Intervista all’avvocato Marco Lucentini

(18 Ottobre 2006)

Il 6 novembre di due anni, una invasione del supermercato Panorama a Roma (zona Tiburtina) portava alla luce tutto il disagio sociale per il carovita. Centinaia di attivisti e sindacalisti bloccarono le casse per un'ora mentre una delegazione si incontrava con la direzione del supermercato per convincerla ad una politica di prezzi popolari. Il carovita esplodeva come questione urgente dell'agenda politica e sociale. Ma la magistratura e il governo Berlusconi hanno letto quell'iniziativa in modo completamente diverso spiccando decine di denunce per "rapina pluriaggravata" su cui il 18 ottobre si apre il processo al Tribunale di Roma. Radio Città Aperta di Roma ha intervistato su questo Marco Lucentini, uno degli avvocati del collegio di difesa degli imputati

Partiamo dalla situazione degli imputati. C’è stato un passaggio indicativo: il 23 marzo scorso la Cassazione ha respinto il ricorso contro la richiesta del Pubblico Ministero Vitello di applicazione di misure cautelari a carico di 15 attivisti (tra cui 5 arresti domiciliari e 10 obblighi di firma). Queste misure sarebbero state giustificate secondo il P.M. dalla pericolosità sociale degli attivisti in questione e dal rischio di reiterazione del reato. Qual è a questo punto la situazione di questi 15 attivisti e anche degli altri 90 accusati di rapina pluriaggravata?

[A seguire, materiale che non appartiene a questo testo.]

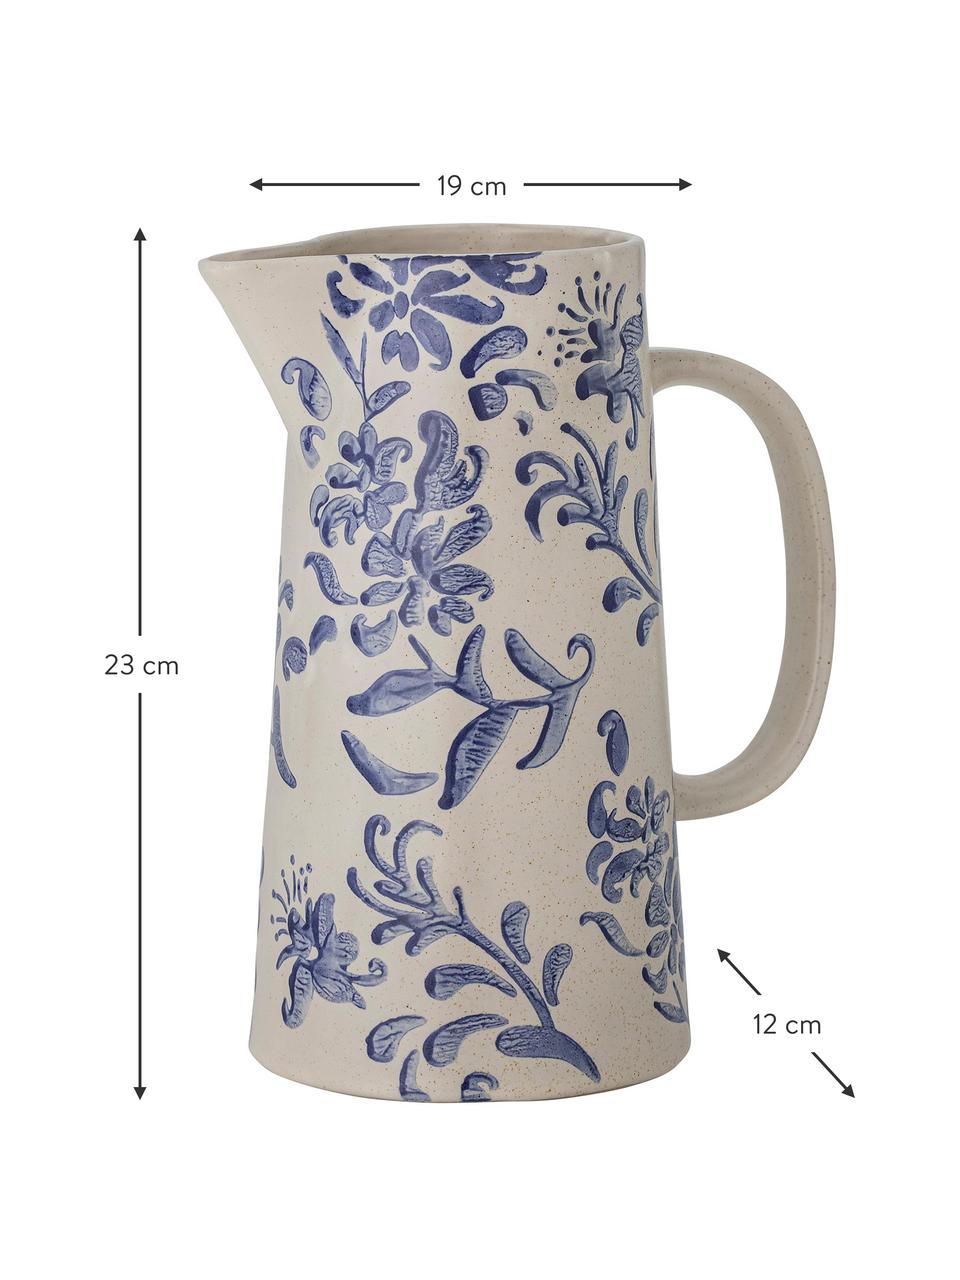 Ręcznie malowany dzbanek Petunia, 1,7 l, Kamionka, Beżowy, odcienie niebieskiego, S 19 x W 23 cm, 1.7 l

Per quello che riguarda le persone che sono state attinte dalla misura cautelare che era stata richiesta dal P.M., dalla pronuncia della Cassazione del 23 marzo ad oggi sono intervenute delle modifiche sia pure parziali, nel senso che i militanti che erano stati sottoposti alla misura degli arresti domiciliari hanno usufruito della cosiddetta “sostituzione della misura”, e sono attualmente all’obbligo di firma, cioè devono recarsi tre volte a settimana presso un Commissariato di Polizia per firmare in quanto questa misura viene ritenuta idonea a contenere la loro presunta pericolosità sociale; gli altri, che erano già stati sottoposti originariamente alla misura dell’obbligo di firma, hanno vista ridotta la frequenza con la quale devono recarsi presso gli uffici di Polizia per questi controlli. Questi militanti insieme a tutti gli altri che sono inquisiti per rapina aggravata dovranno comparire il 18 ottobre davanti al Giudice per l’ udienza preliminare perché, in relazione ai fatti accaduti il 6 novembre del 2004 la Procura della Repubblica di Roma ha chiesto il rinvio a giudizio di 105 persone per concorso in rapina aggravata. Queste rapine si sarebbero verificate nella mattina presso il supermercato Panorama sulla Tiburtina e nel pomeriggio nel corso di una manifestazione che, secondo l’accusa, si sarebbe risolta poi in una “violenta sottrazione di libri” presso la libreria Feltrinelli.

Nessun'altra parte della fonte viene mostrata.